Many friends donated time reading drafts and providing crucial feedback. Doug Bodenstab has read and critiqued every chapter (some of them several times). Chris Corcoran has similarly been involved at each stage, bringing his physicists intuition to the books underlying mathematics. Jon Goldberg applied his common sense, depth of trading experience, and apt analogies from the world of golf. Jay Phelan asked the tough questions and often supplied the answers.
In addition, others who read part of the book and made substantial contributions include: David Bear, Jeff Bodenstab, Peter Borish, Jane Burnham, Thomas and Marie Burnham, Judith Chapman, Adam Chec-chi, David Epstein, Brent Flewelling, Sue Flewelling, Lisa Gosselaar, Paul Greenberg, Brian Hare, Justin Holtzman, Matthew Mclntyre, Michael Schwartz, Joel Smith, Martin Stapleton, Scott Stephens, and Sadek Wahba. Danielle Lake did a fantastic job of copyediting the manuscript.
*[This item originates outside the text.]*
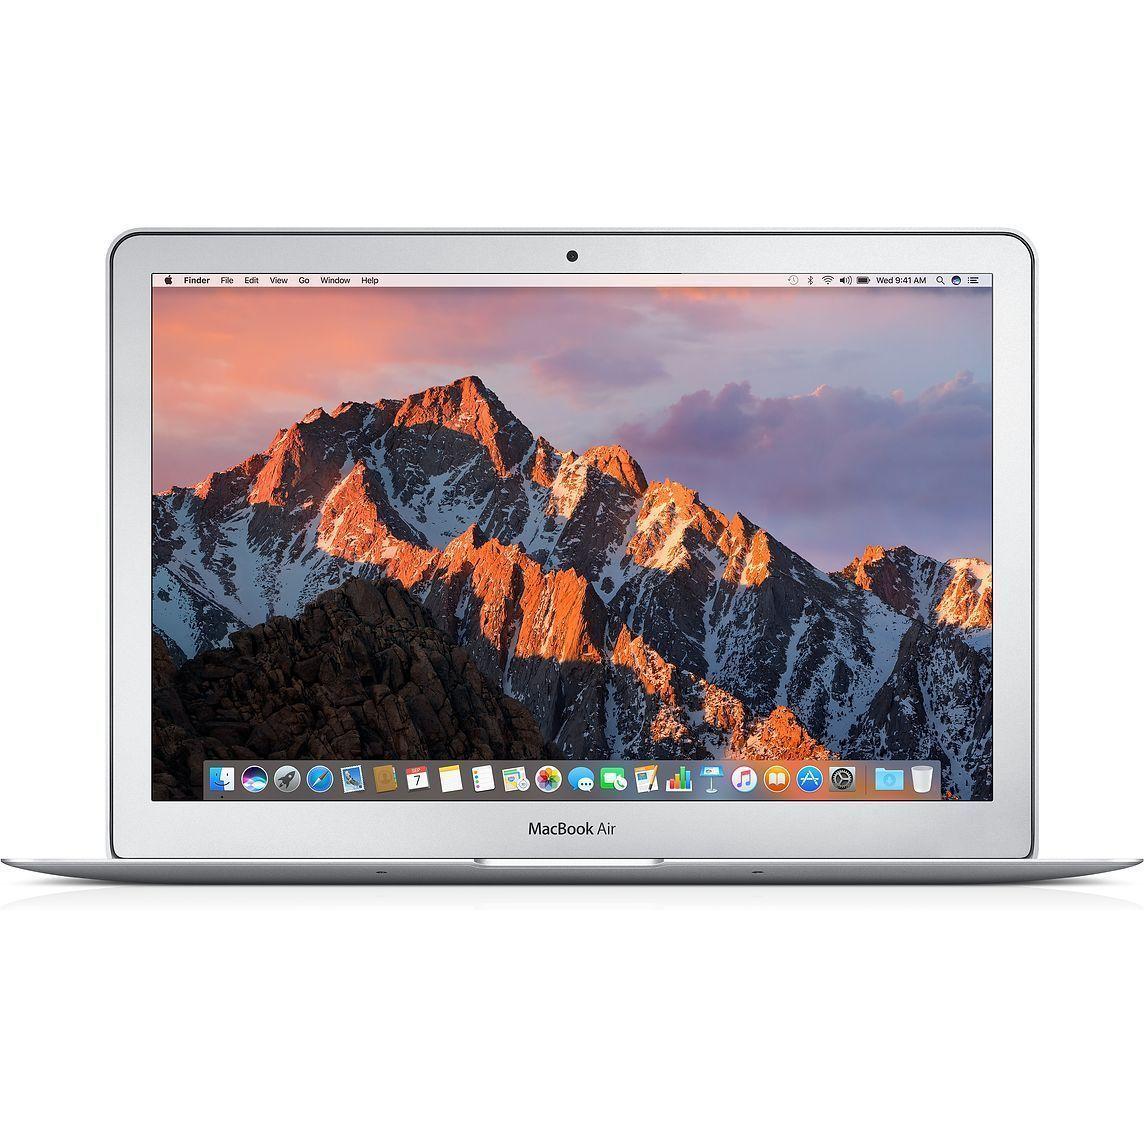 Reformiert 13 3 Zoll Macbook Air 1 8 Ghz Dual Core Intel Core I5 Apfel In 2020 Apple Macbook Macbook Air Macbook Air Laptop
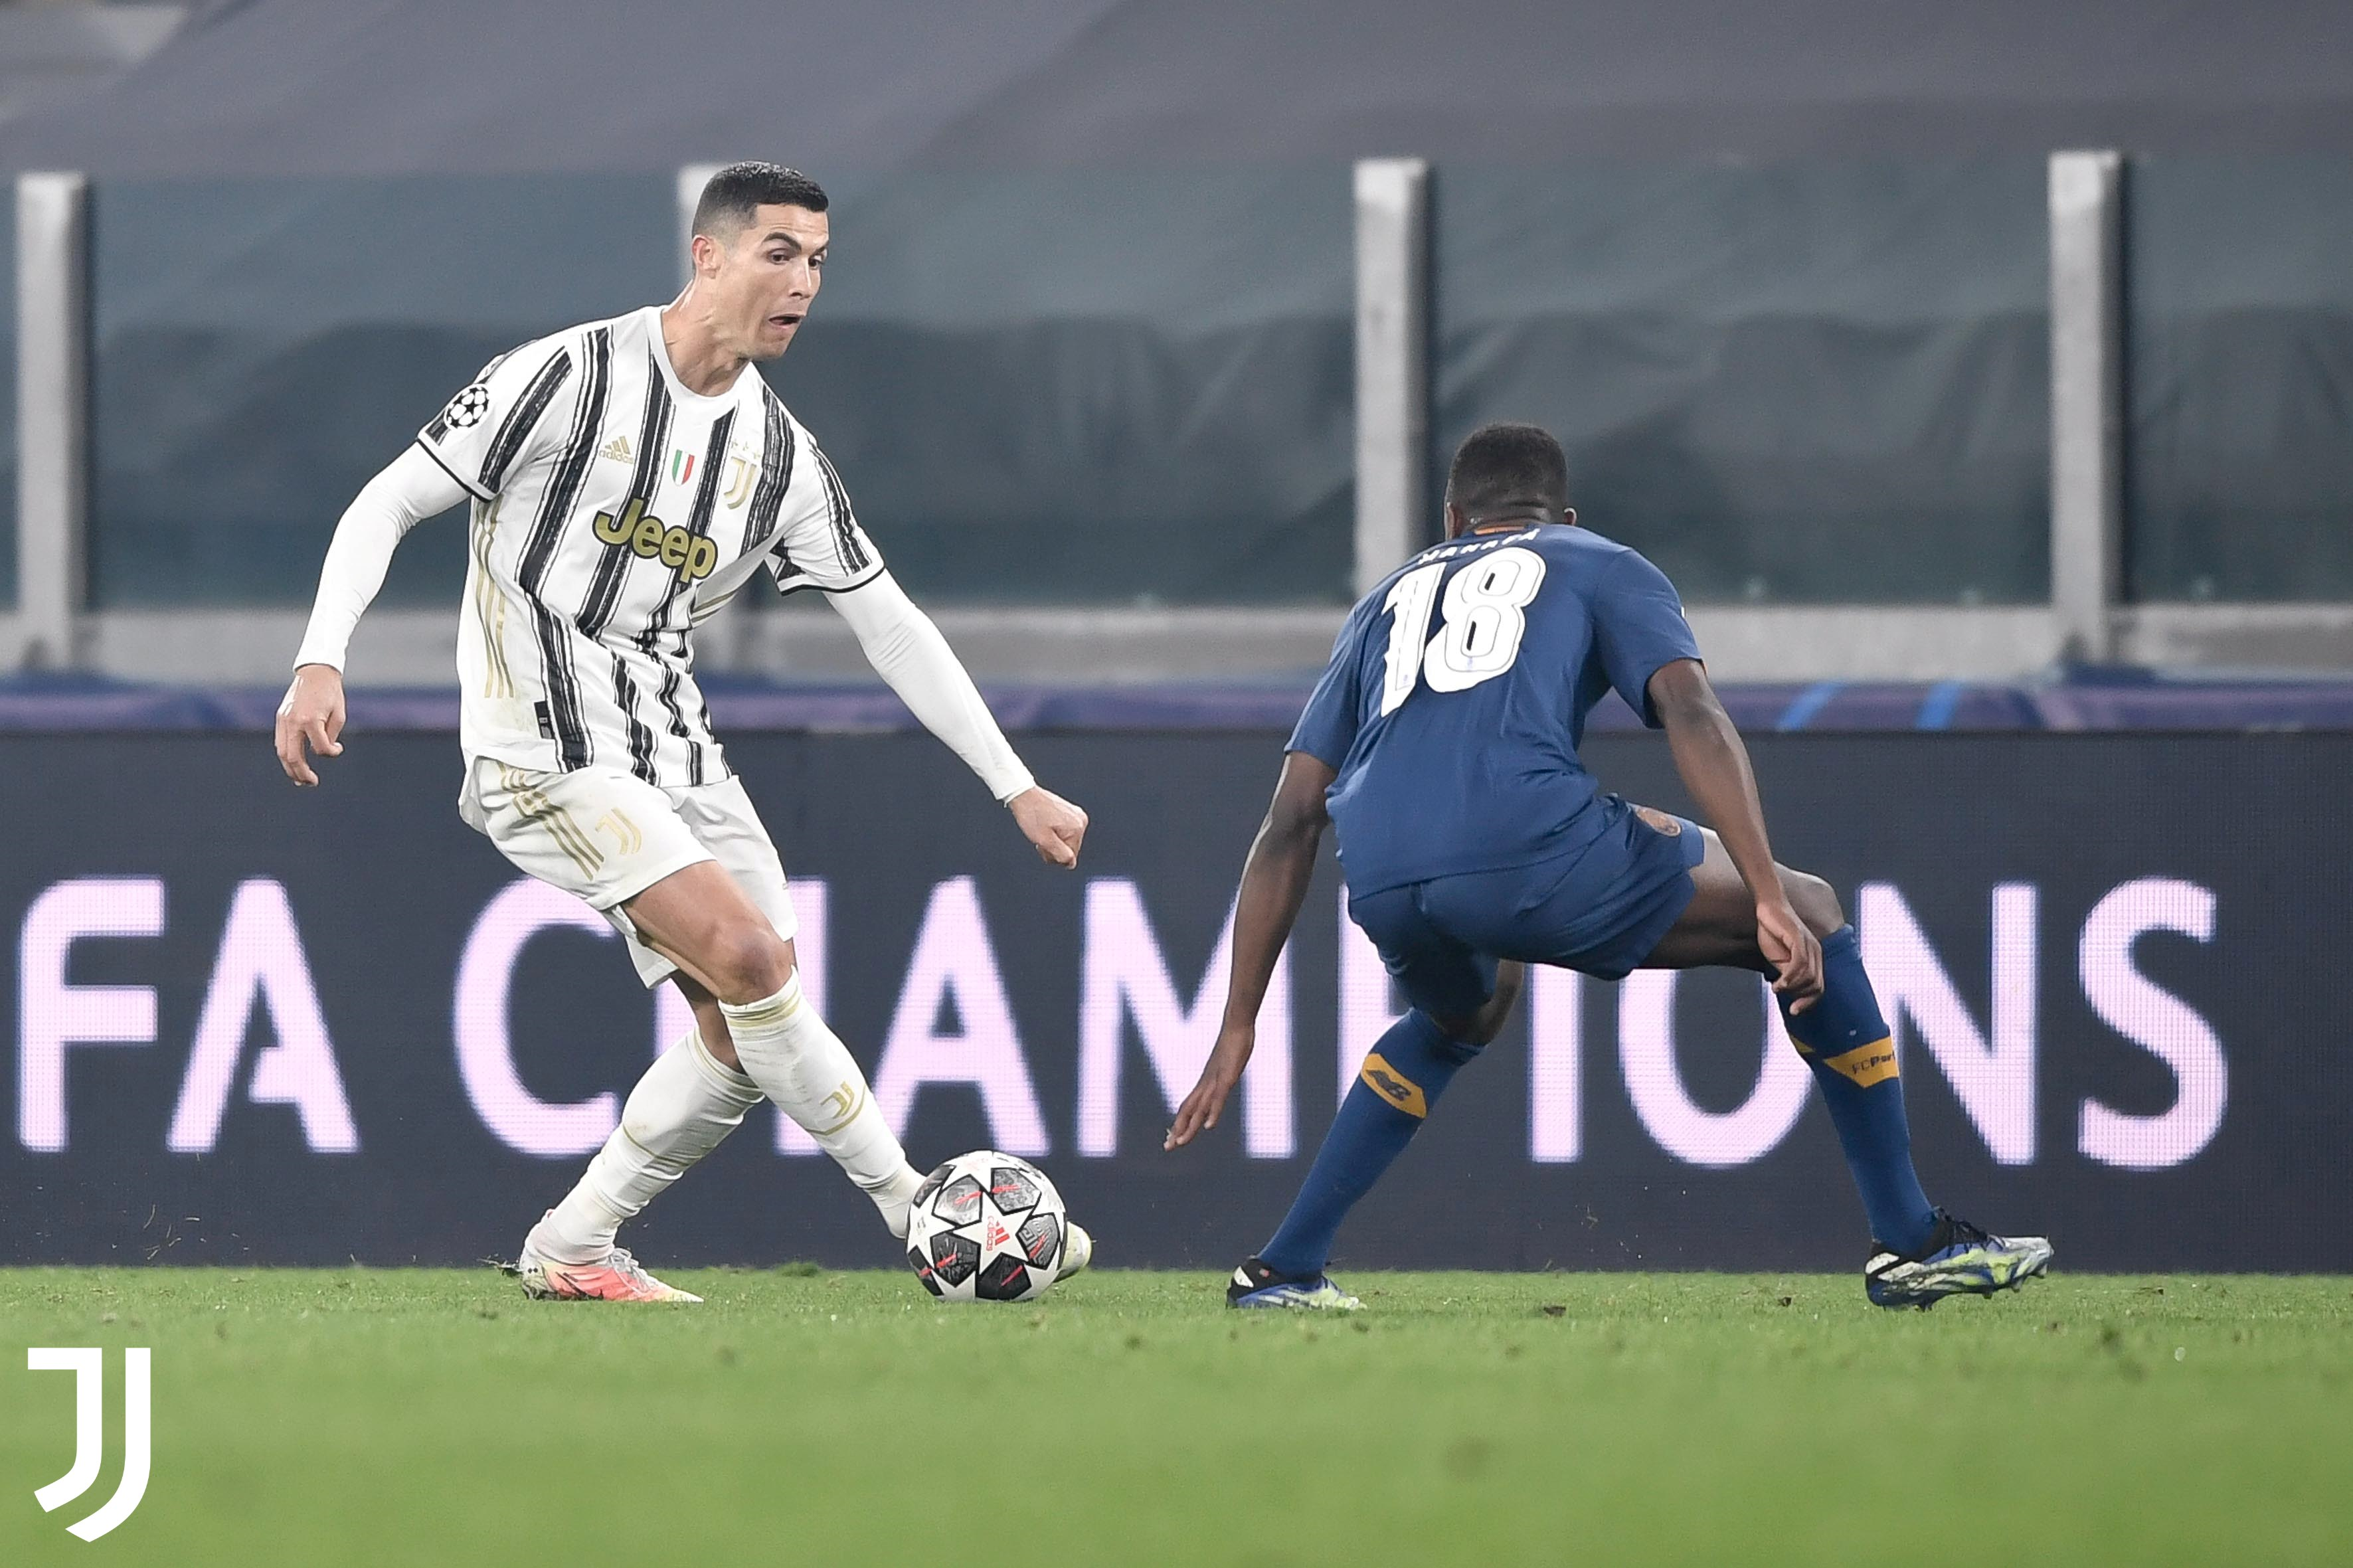 Cristiano Ronaldo quiere regresar al Real Madrid. Foto: Twitter Juventus

Pamela Van Giessen, my editor at Wiley, deserves fundamental credit. From conception through writing and publication, Pamela has provided the support and the vision to create a book that is both deeply practical and academically rigorous. And thank you to Peter Borish for introducing me to Pamela.
Throughout every stage of the books development, my wife, Barbara Li Smith, has been a steadfast supporter and constantly pushed me to make the work fun. Her thoughtful advice and unselfish help made the book possible. And finally, our beautiful new baby, Charlotte Valentine, has provided daily inspiration.